Work to complete: Restate the entries word for word and skip every image.

Stored data:
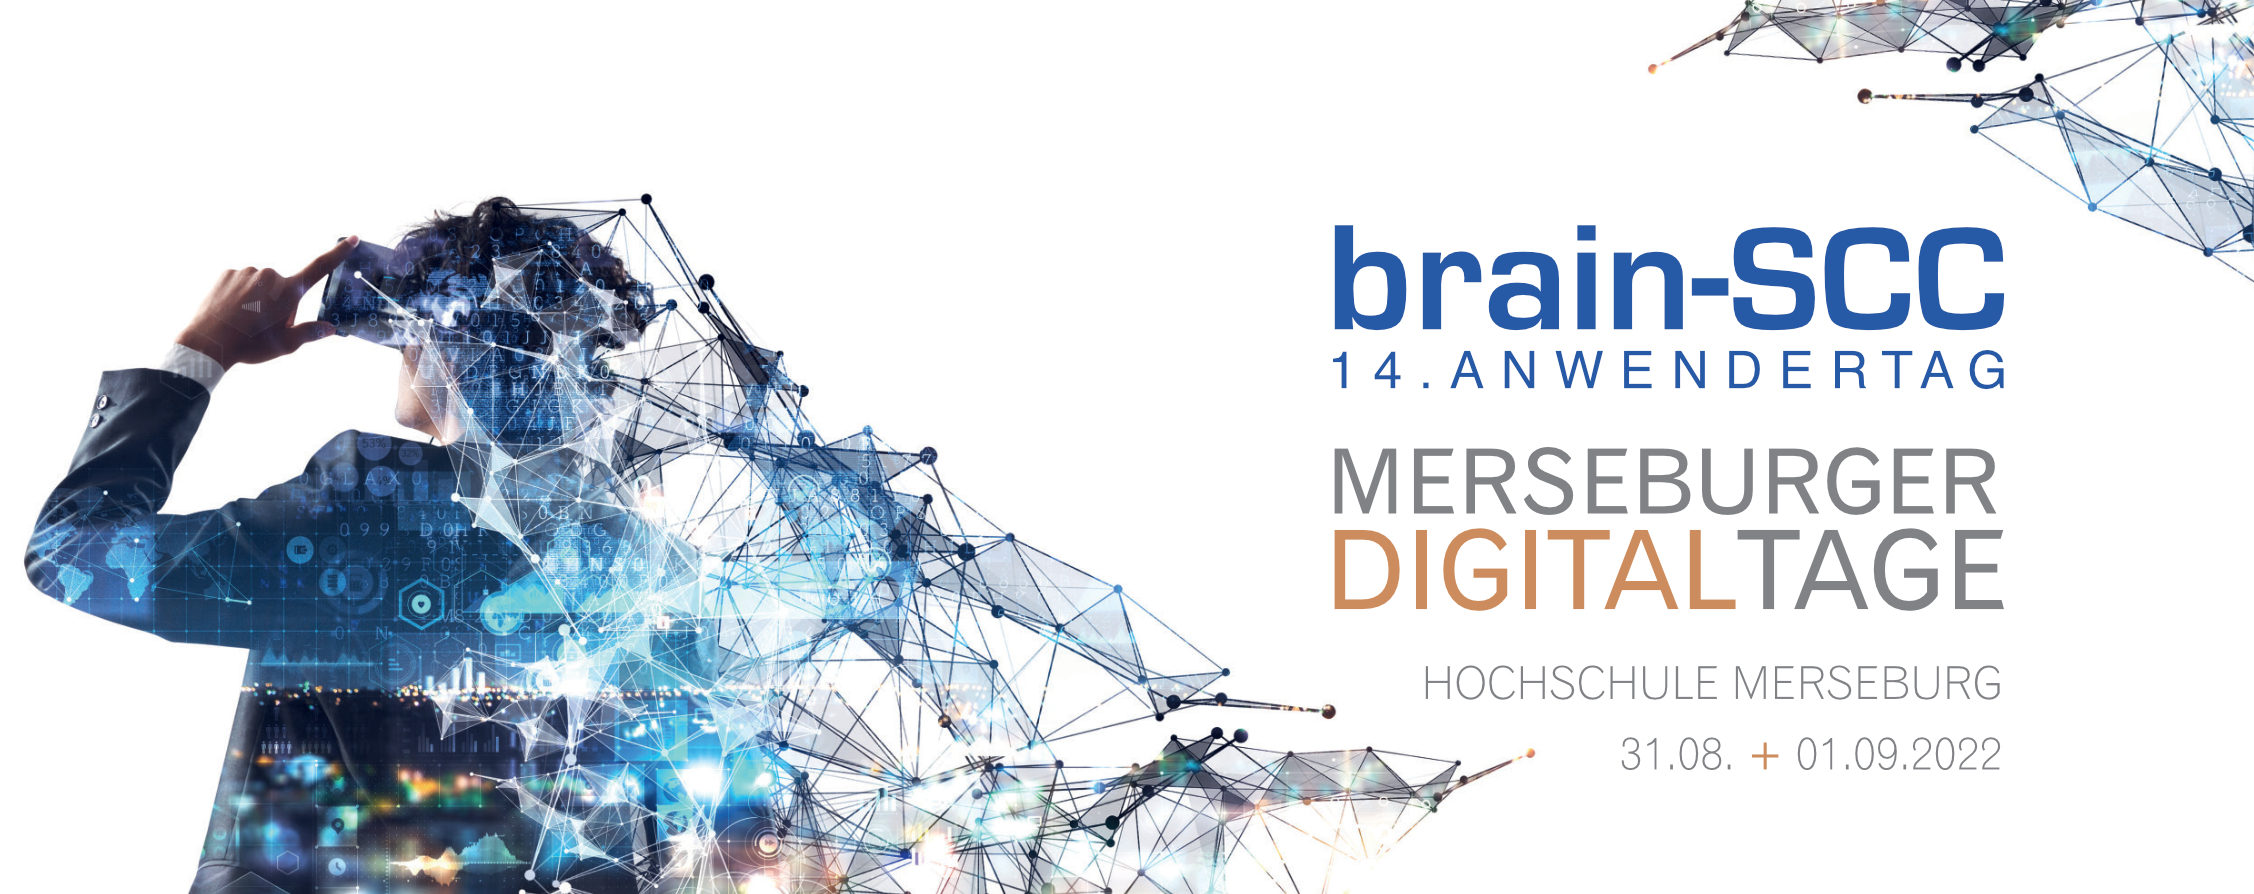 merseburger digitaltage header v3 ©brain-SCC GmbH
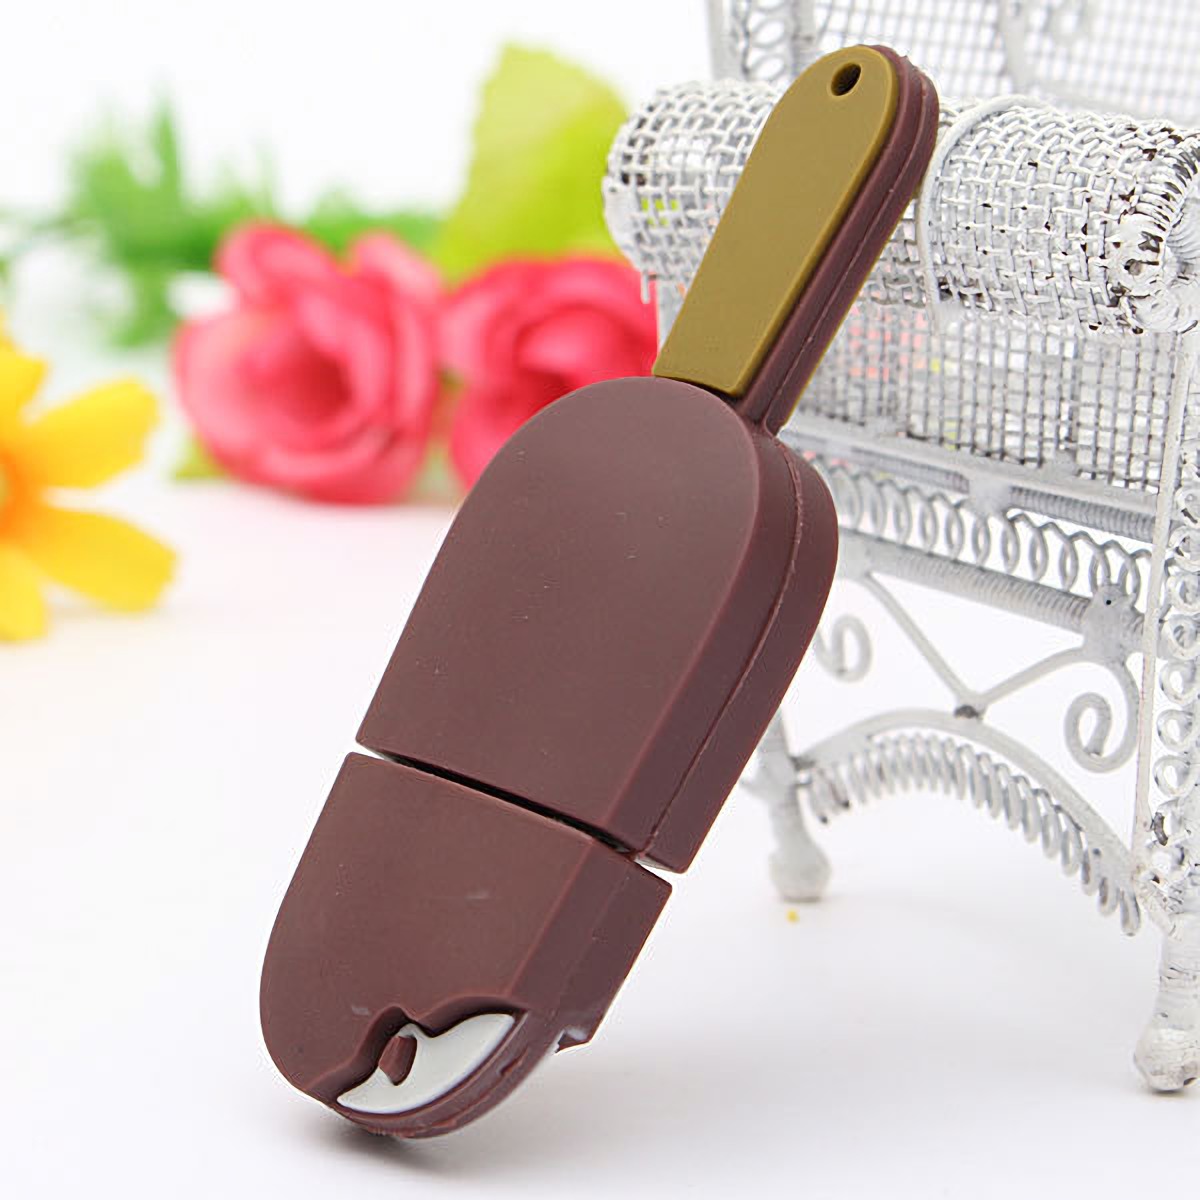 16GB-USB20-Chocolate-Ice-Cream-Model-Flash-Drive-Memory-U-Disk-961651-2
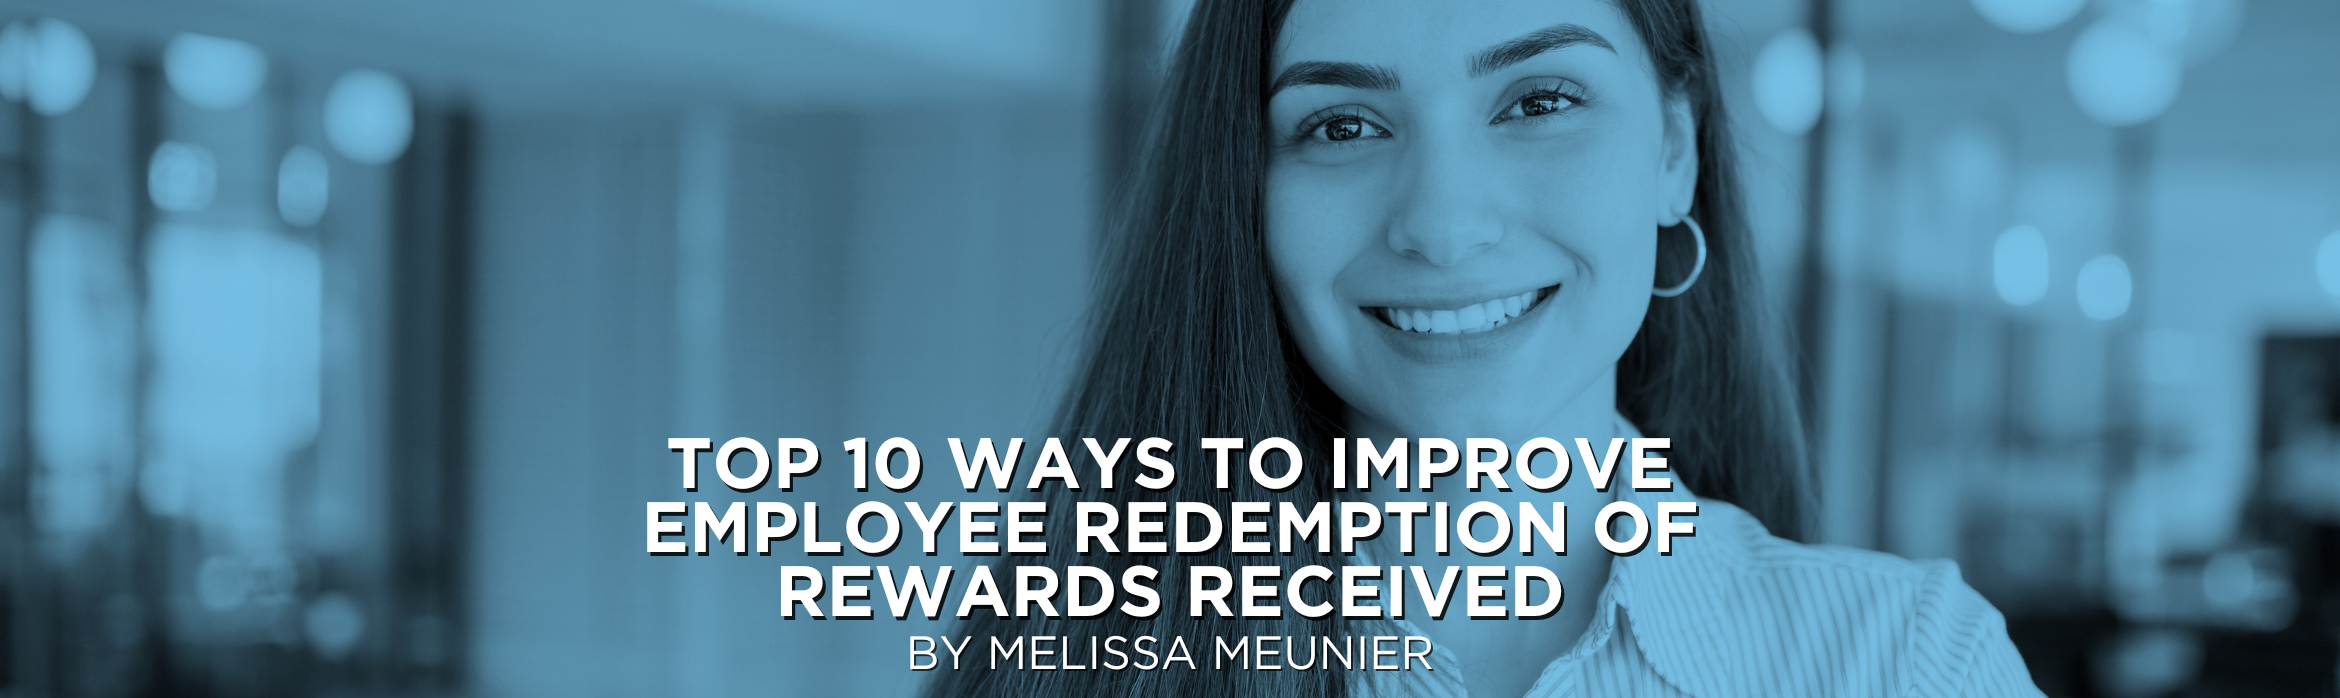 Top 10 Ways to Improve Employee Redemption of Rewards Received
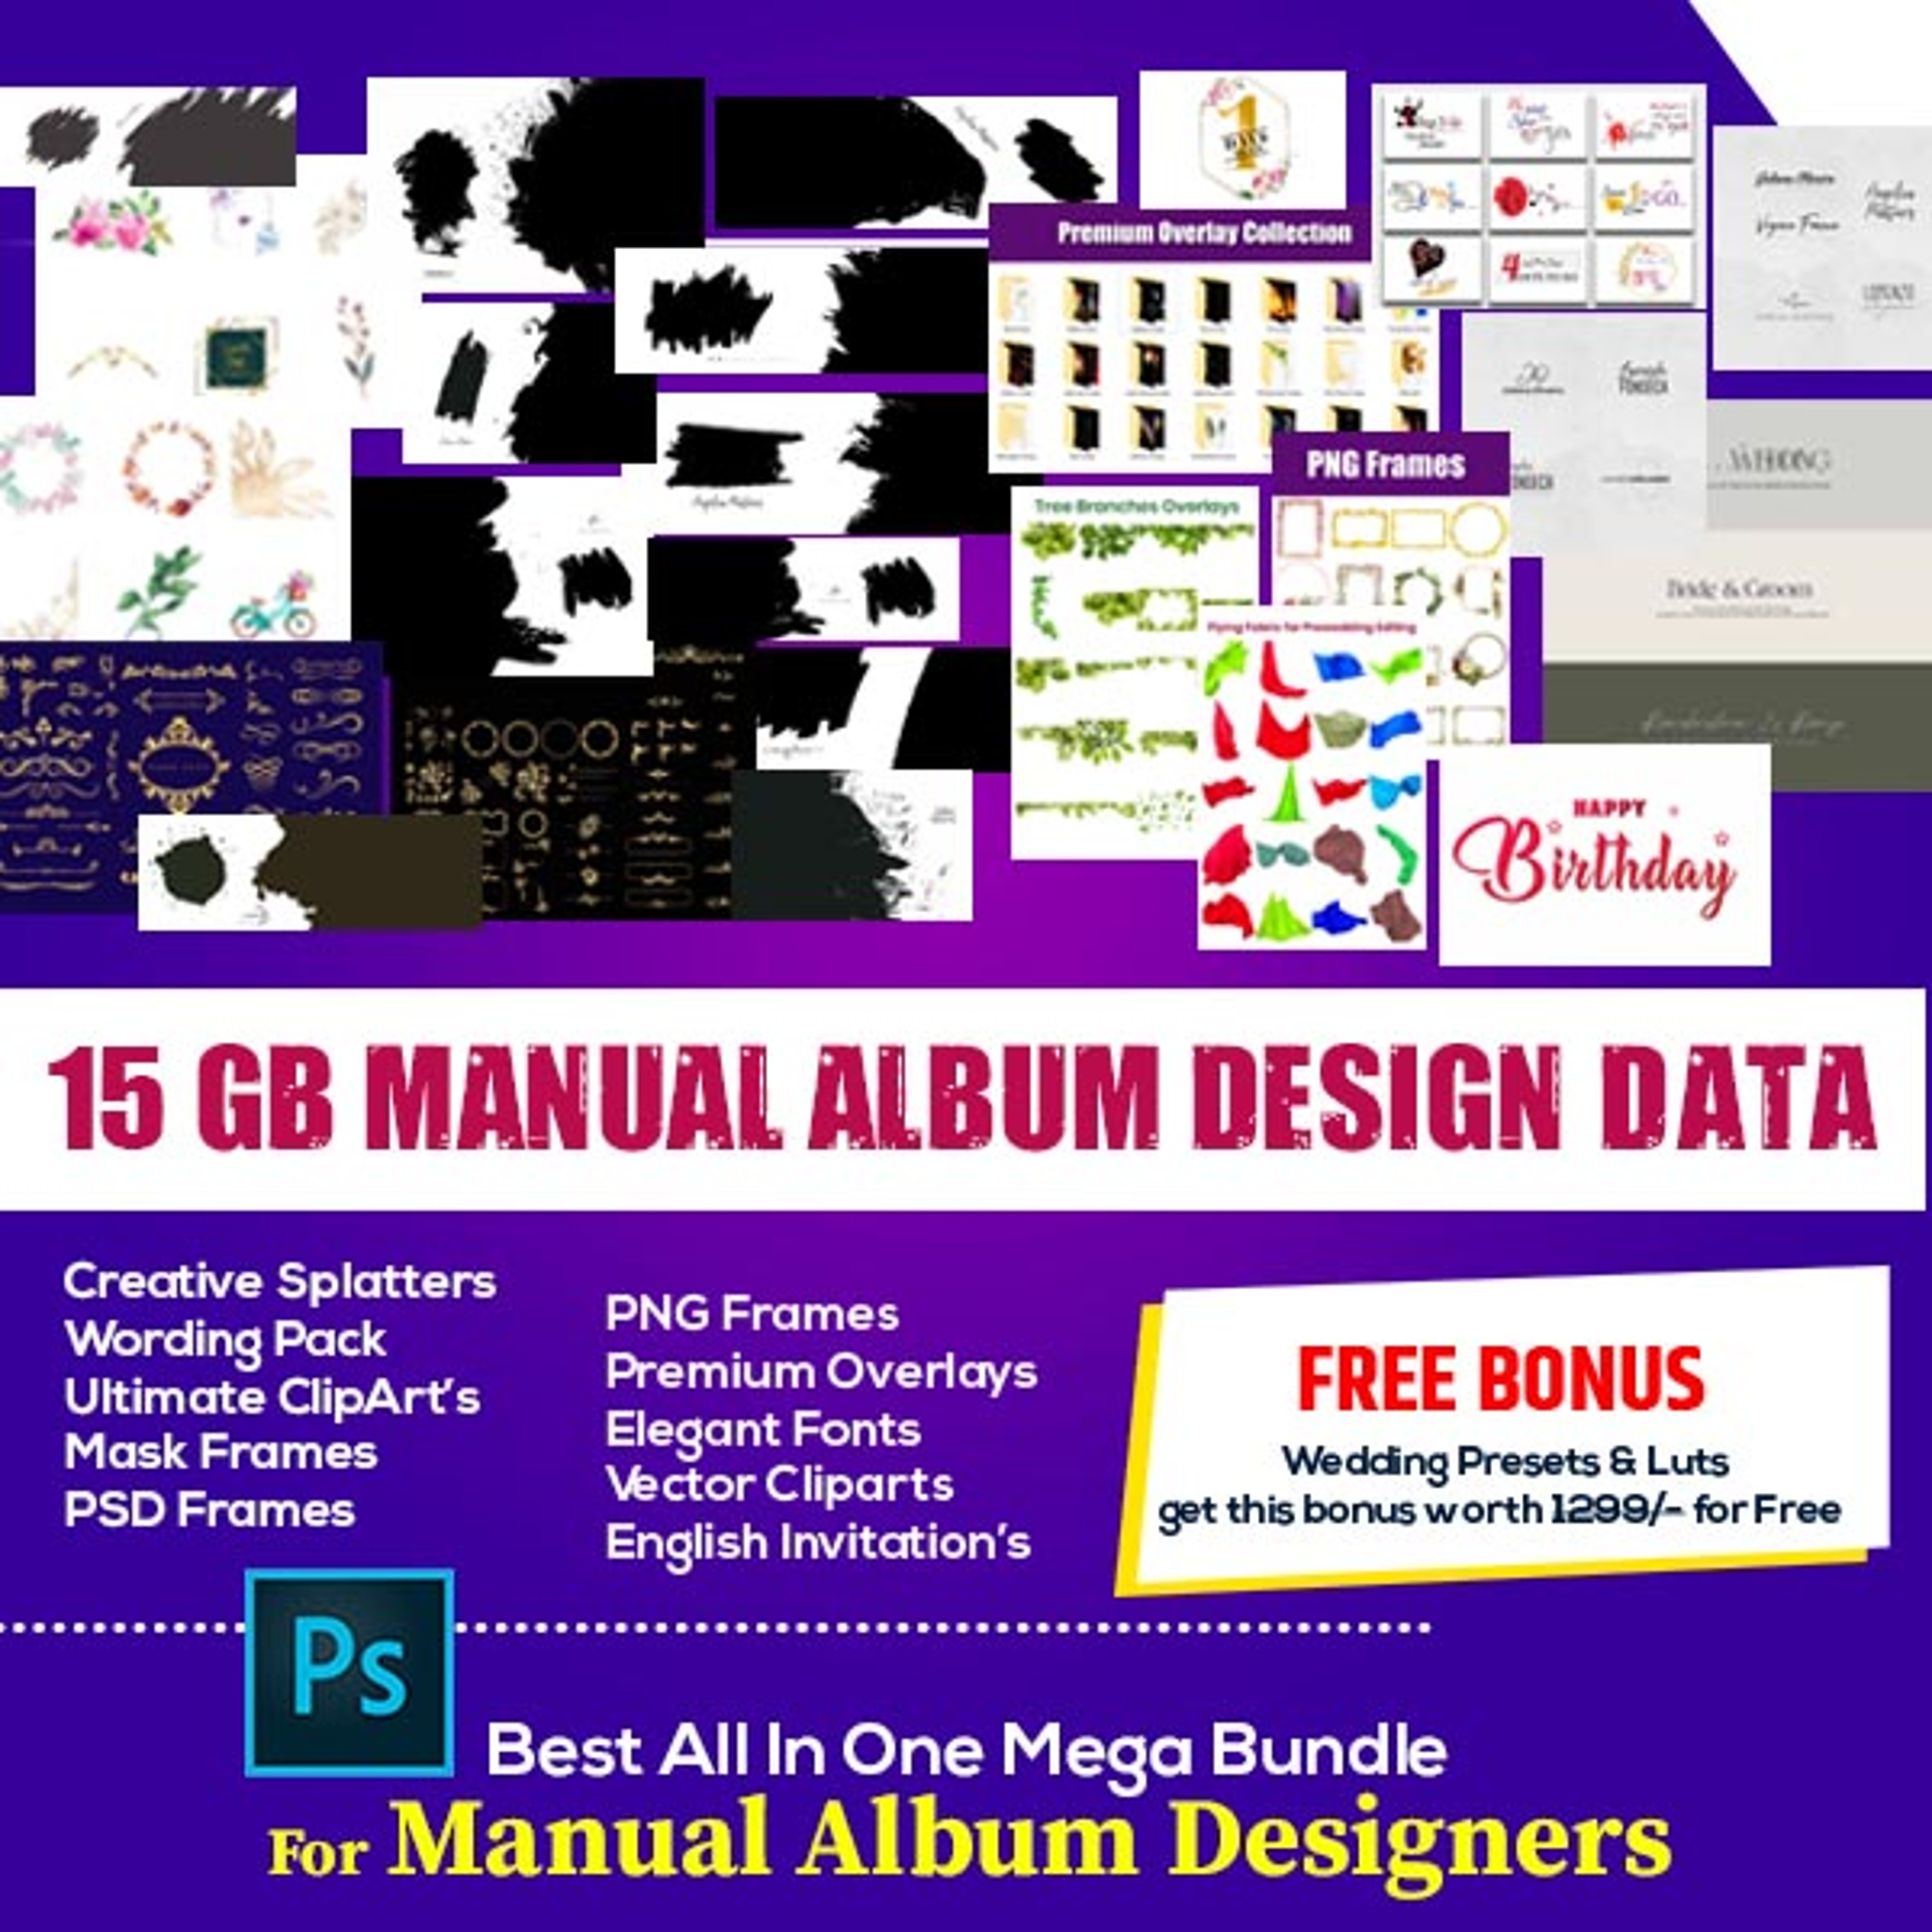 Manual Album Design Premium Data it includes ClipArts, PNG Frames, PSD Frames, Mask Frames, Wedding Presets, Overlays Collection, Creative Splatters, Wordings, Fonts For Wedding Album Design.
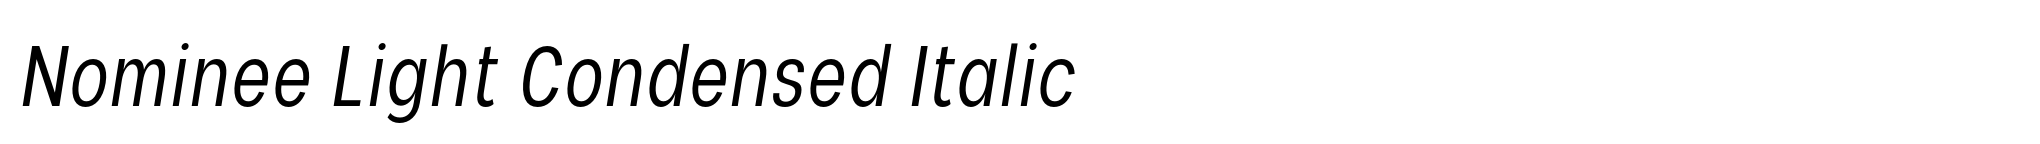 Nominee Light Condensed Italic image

Written solution:
 merseburger digitaltage header v3 ©brain-SCC GmbH
 16GB-USB20-Chocolate-Ice-Cream-Model-Flash-Drive-Memory-U-Disk-961651-2
 Top 10 Ways to Improve Employee Redemption of Rewards Received
 Manual Album Design Premium Data it includes ClipArts, PNG Frames, PSD Frames, Mask Frames, Wedding Presets, Overlays Collection, Creative Splatters, Wordings, Fonts For Wedding Album Design.
 Nominee Light Condensed Italic image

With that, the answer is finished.